> **PROVIDED DATA**
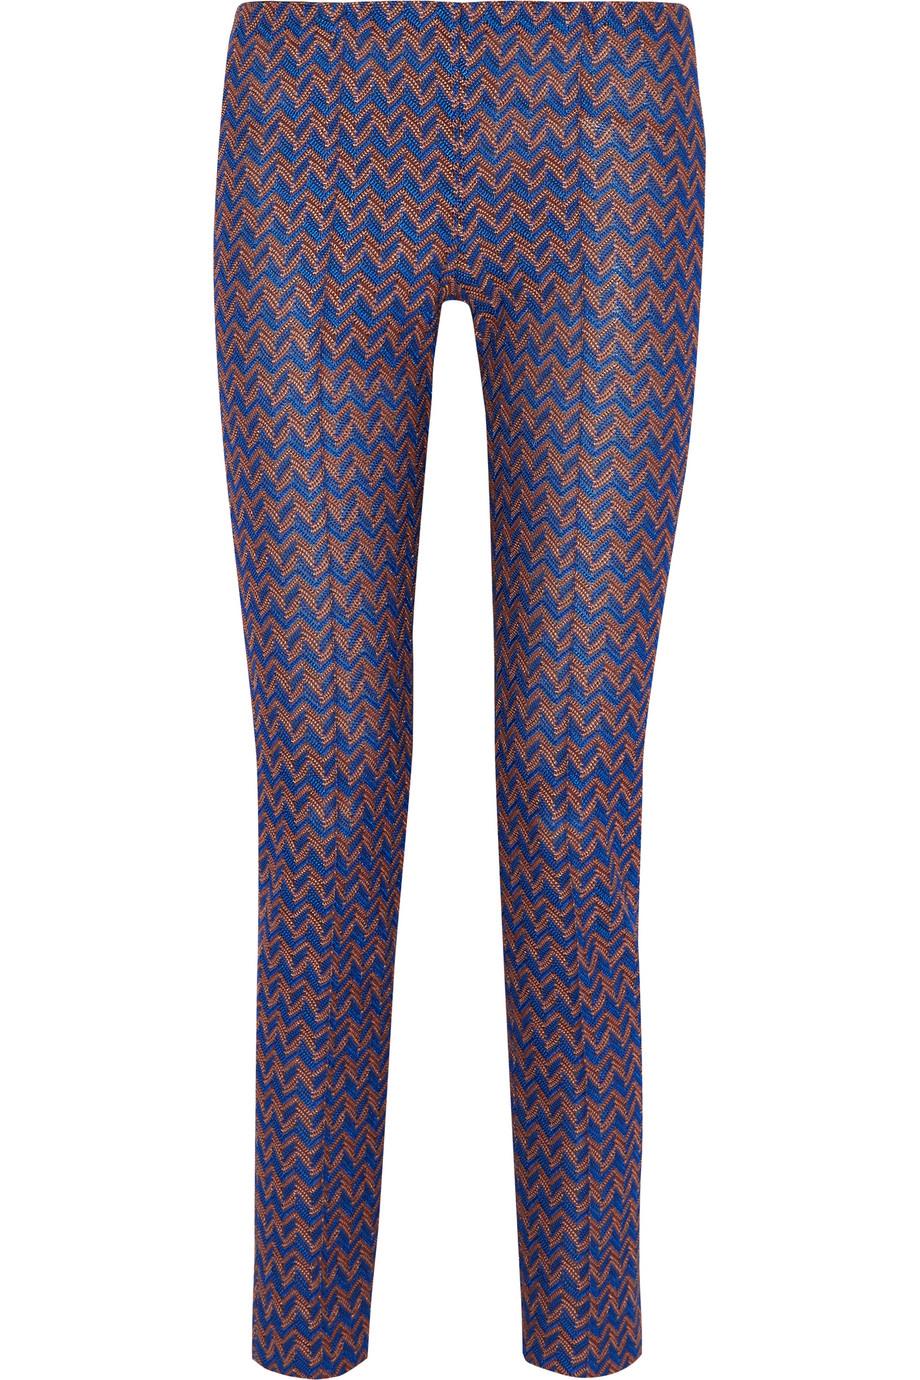 Missoni Crochet-Knit Slim-Leg Pants, Blue/Metallic, Women's, Size: 44
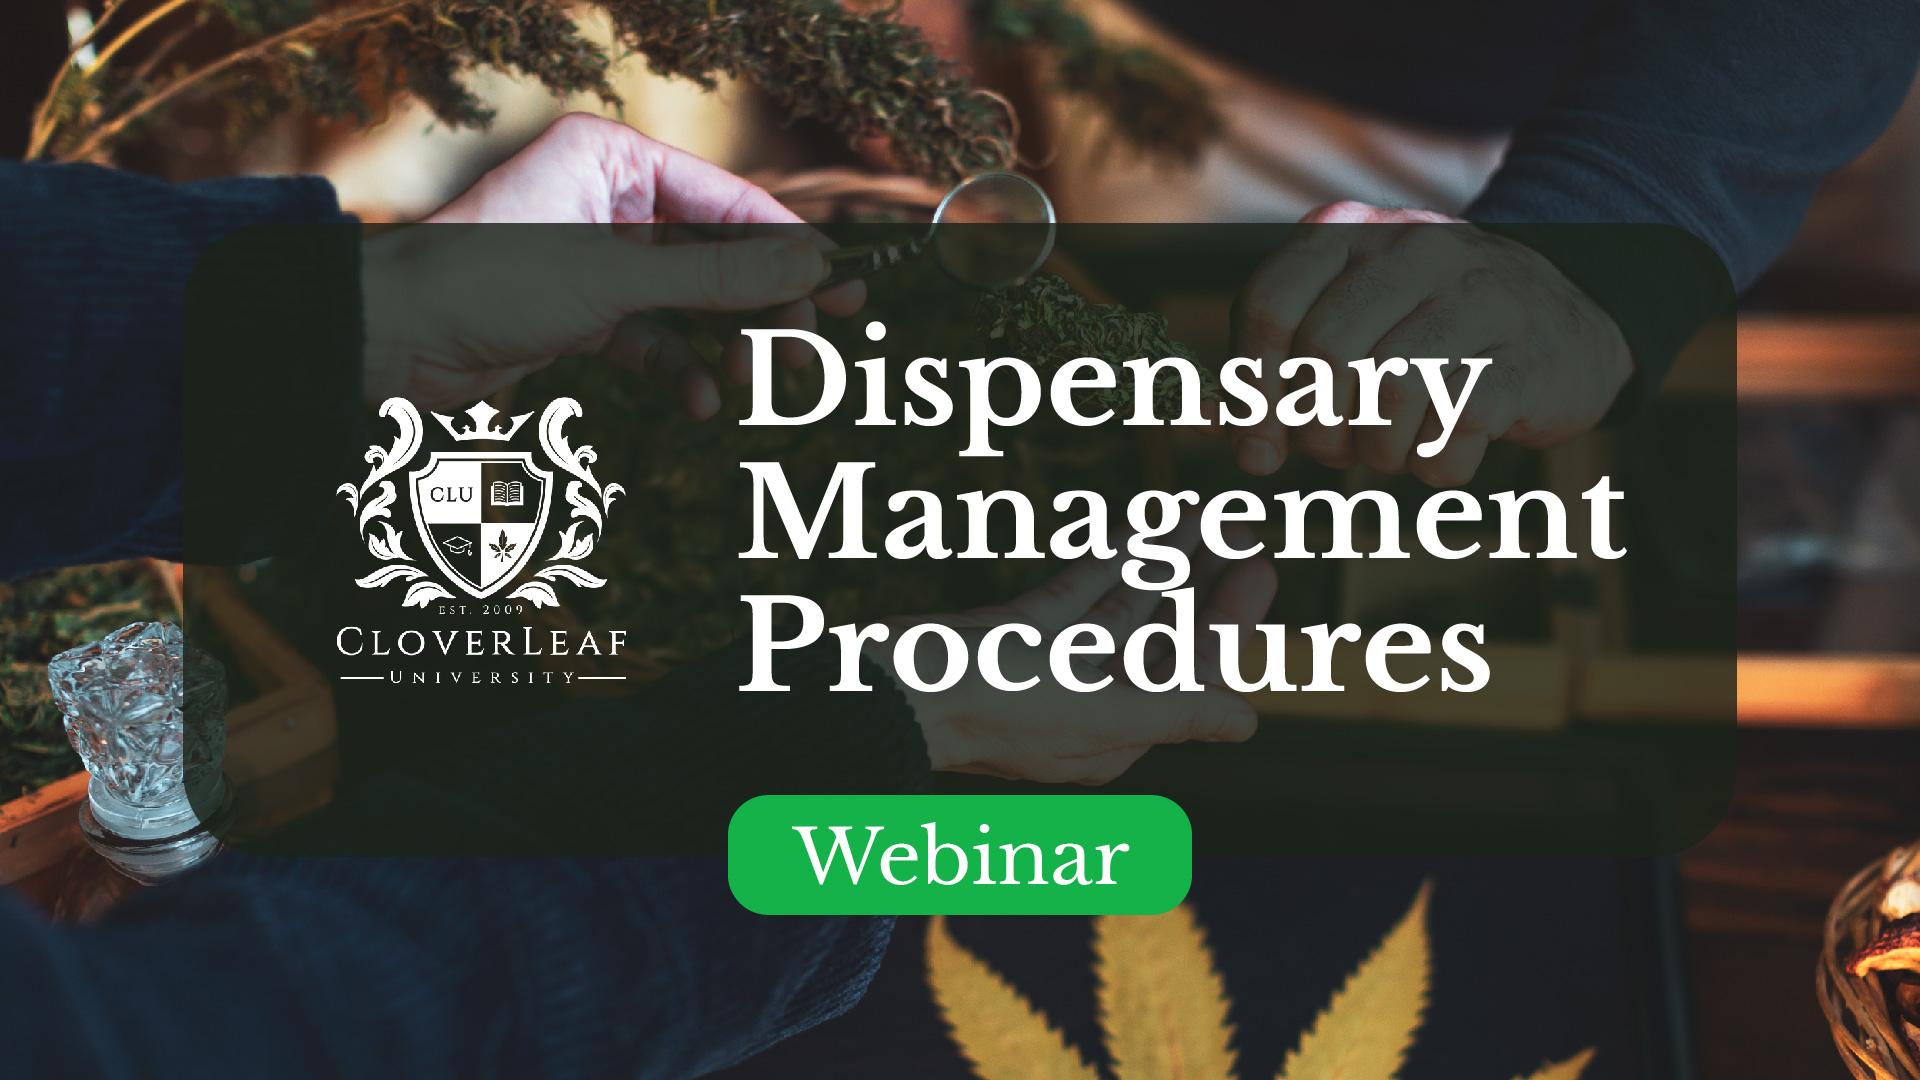 Dispensary Management Procedures - Webinar
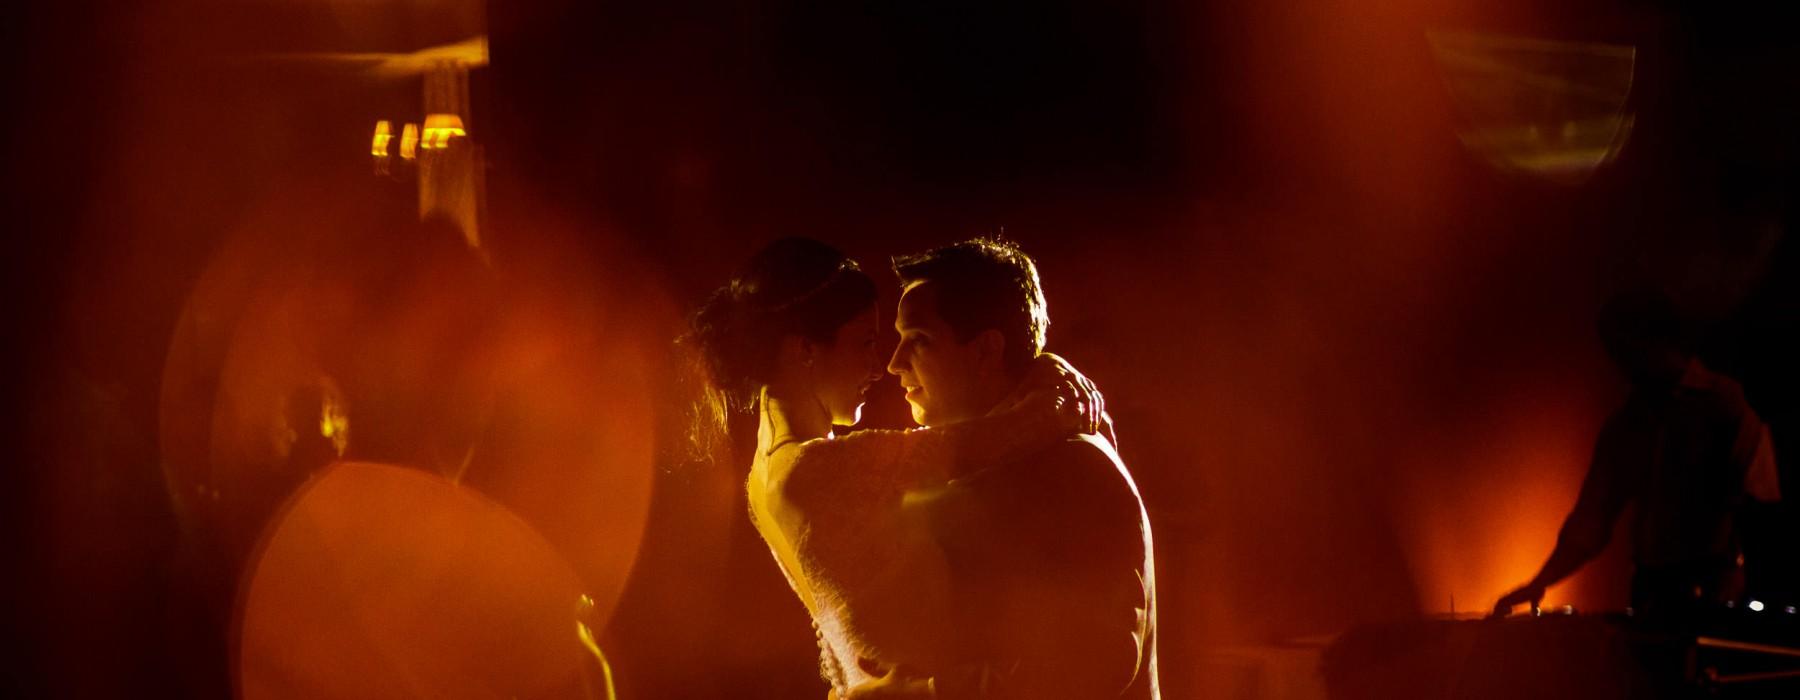 foto de casamento premiada pela ispwp primeira dança noiva renato dpaula
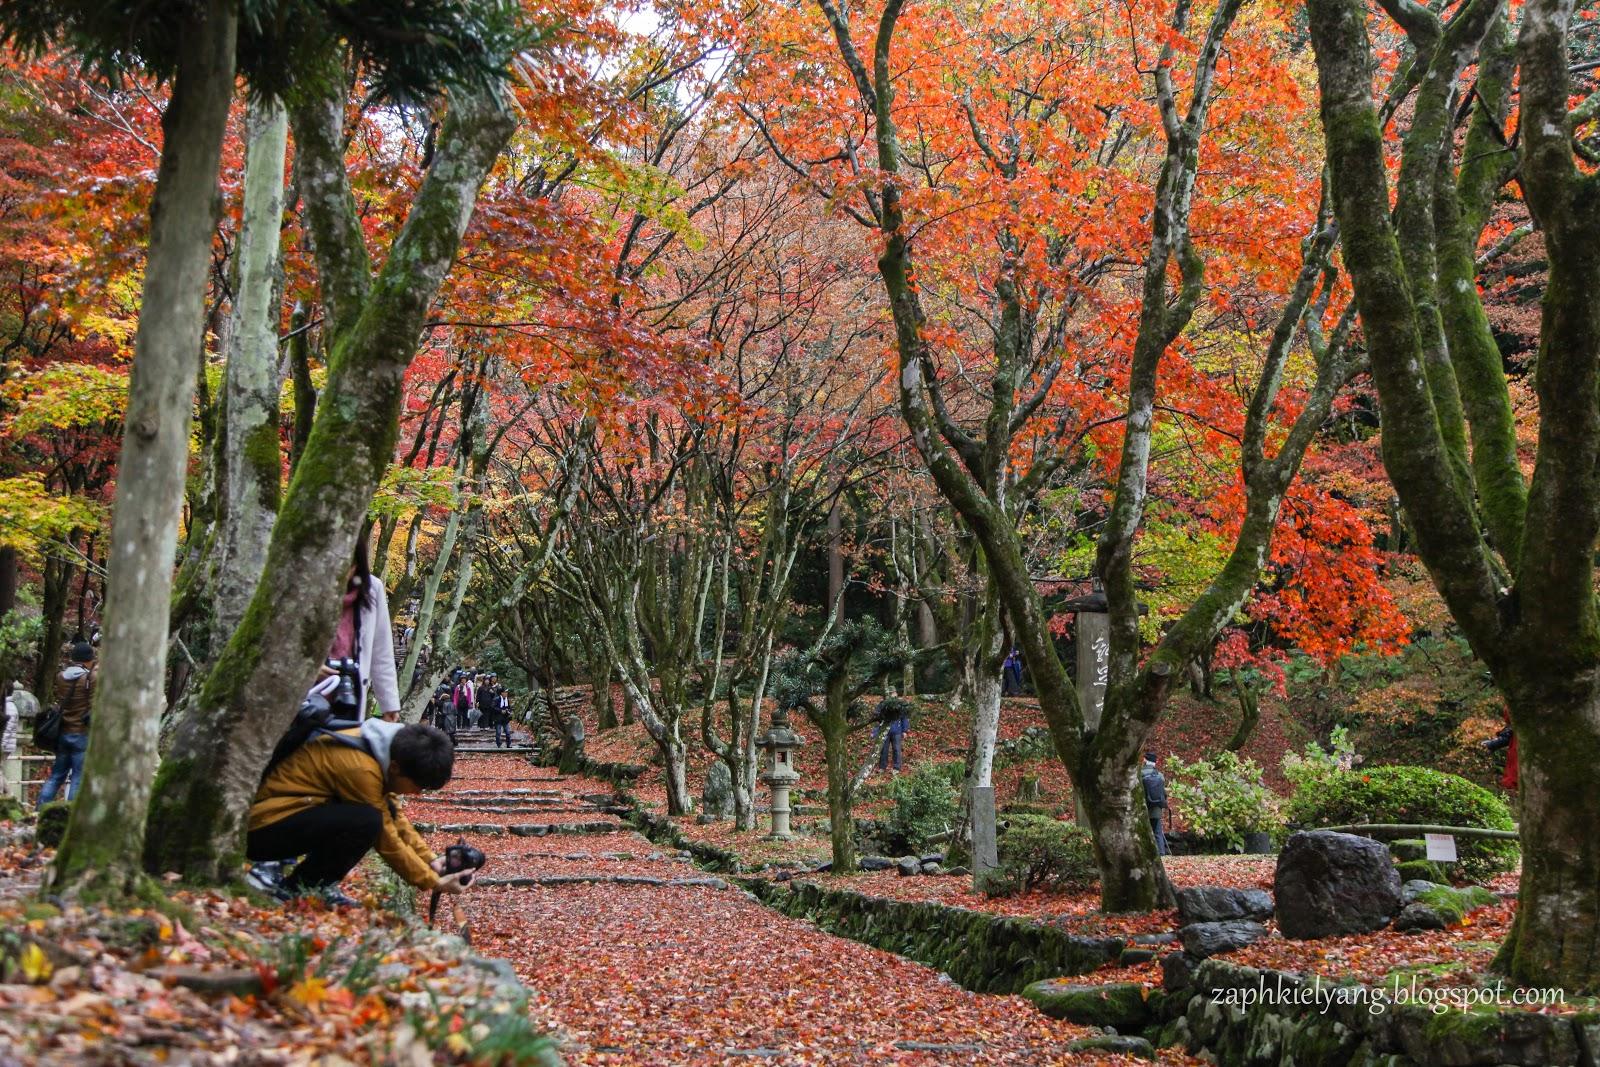 【日本 滋賀】日本關西秋季賞楓之旅 - 滋賀湖北紅葉名所木之本雞足寺

> **INSTRUCTIONS TO FOLLOW**
Working from the line containing "Dispensary Management Procedures - Webinar" to the last line of the data, retype every line exactly, both ends included, and leave out all pictures.

> **TASK SOLUTION**
 Dispensary Management Procedures - Webinar
 foto de casamento premiada pela ispwp primeira dança noiva renato dpaula
 【日本 滋賀】日本關西秋季賞楓之旅 - 滋賀湖北紅葉名所木之本雞足寺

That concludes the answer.